- Required action -
These records contain pictures, which must be left out; copy exactly the lines from the one with "French Provincial Italian" up to and including the one with "We can become".

- Information supplied -

--------------------

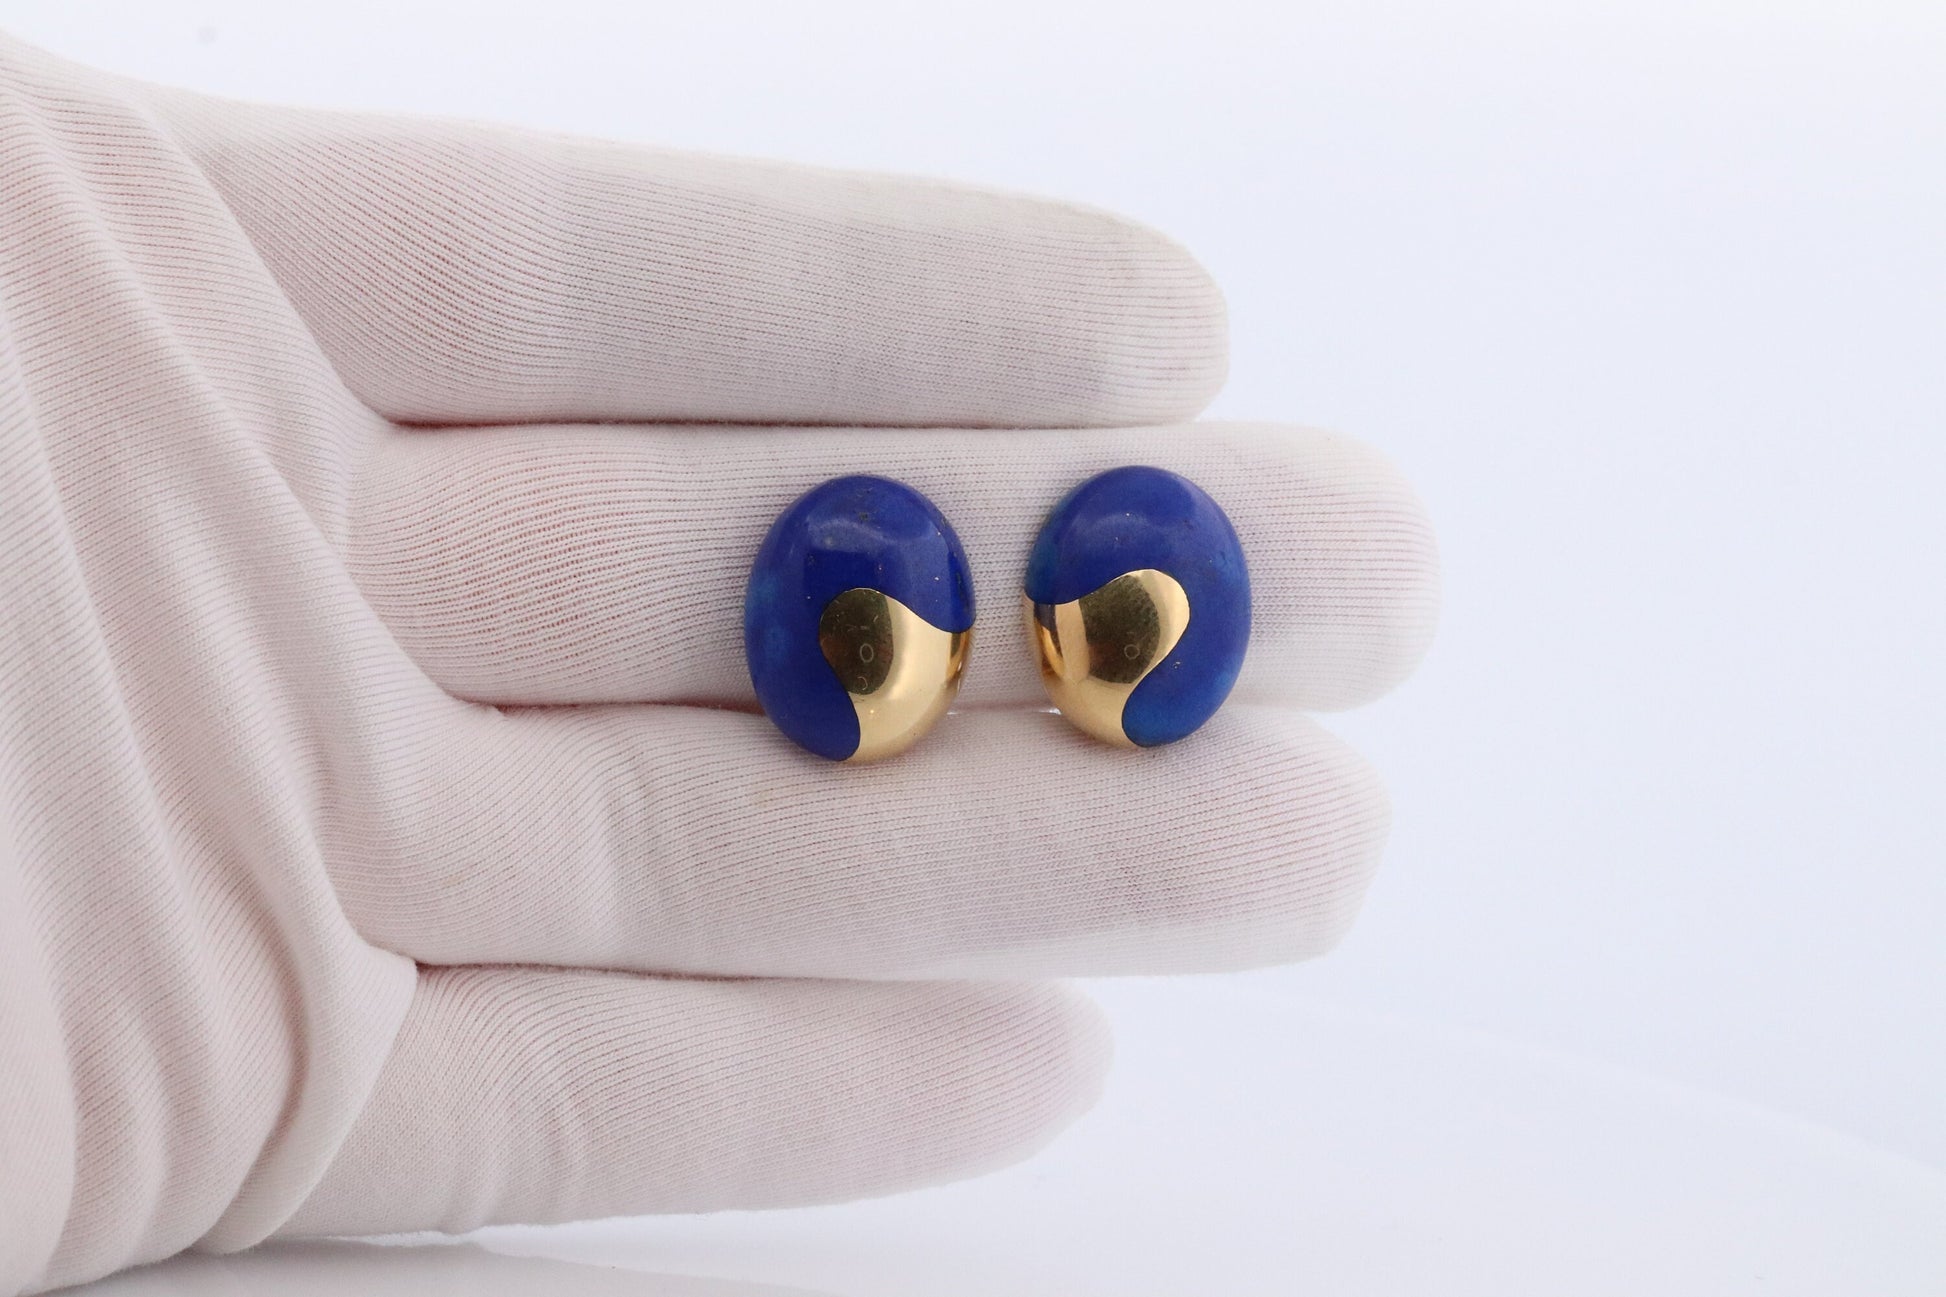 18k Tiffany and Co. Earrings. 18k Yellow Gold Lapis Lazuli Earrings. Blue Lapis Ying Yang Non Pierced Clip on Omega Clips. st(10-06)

--------------------

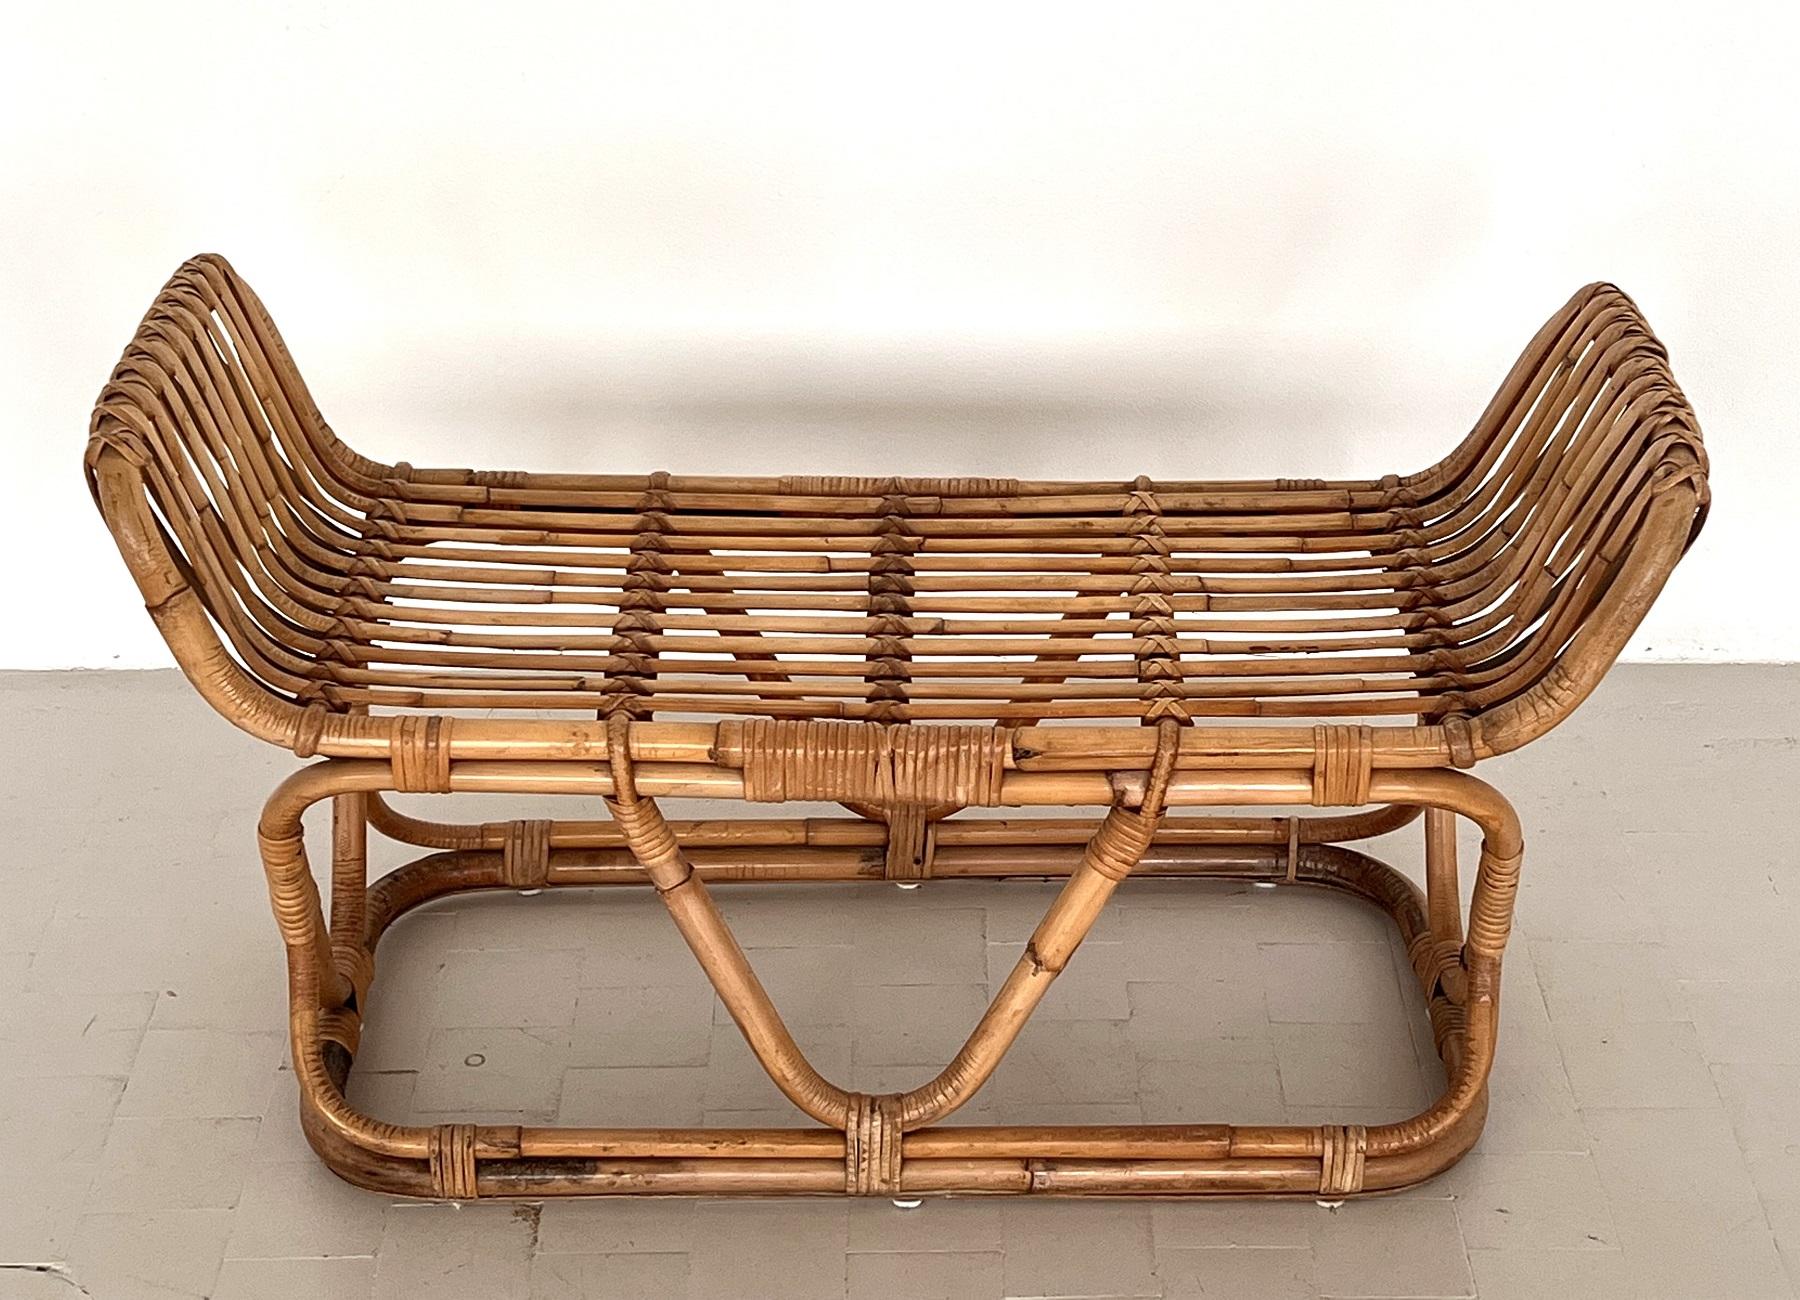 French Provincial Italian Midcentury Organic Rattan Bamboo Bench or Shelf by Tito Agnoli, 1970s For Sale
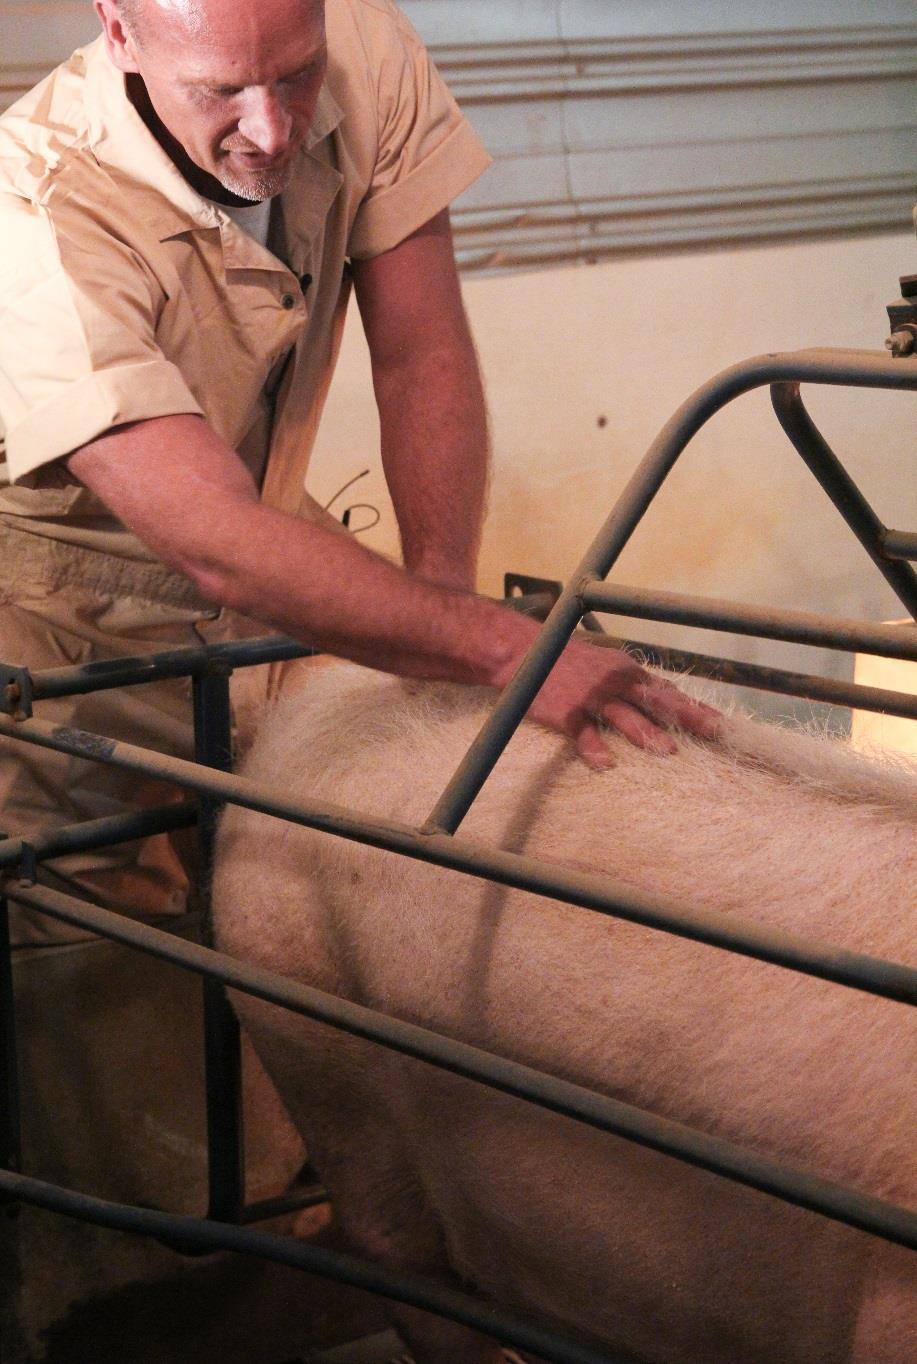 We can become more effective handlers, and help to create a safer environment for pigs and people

--------------------

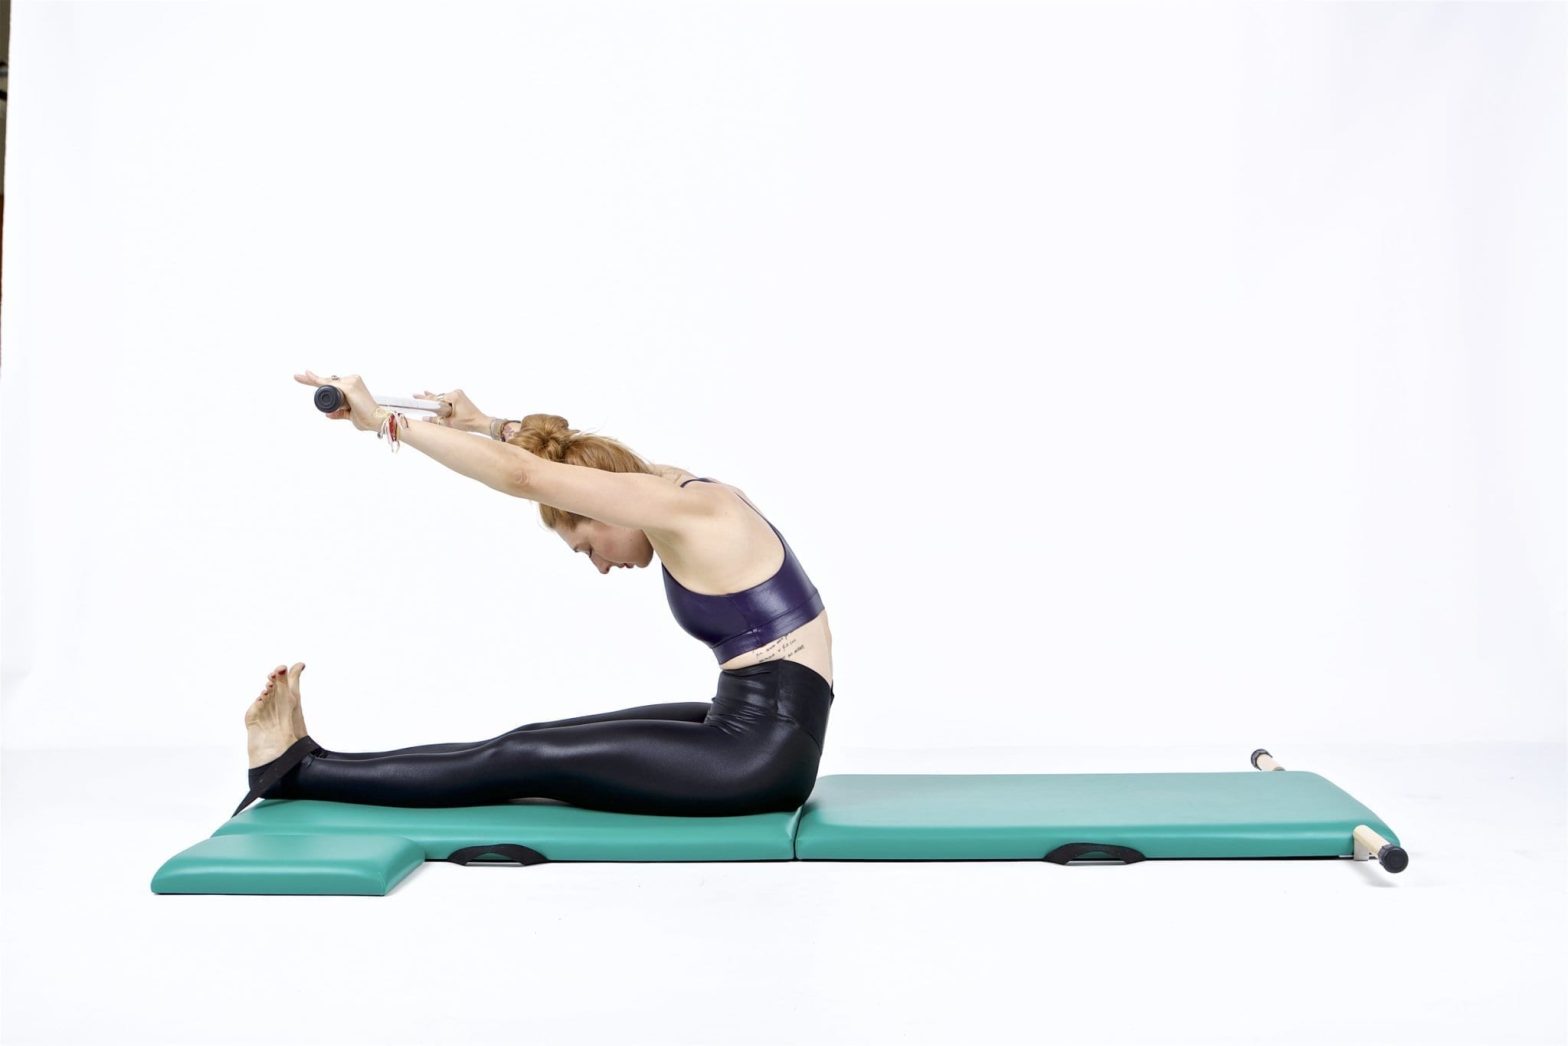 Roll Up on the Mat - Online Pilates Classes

--------------------

- Response for this exercise -
 French Provincial Italian Midcentury Organic Rattan Bamboo Bench or Shelf by Tito Agnoli, 1970s For Sale
 We can become more effective handlers, and help to create a safer environment for pigs and people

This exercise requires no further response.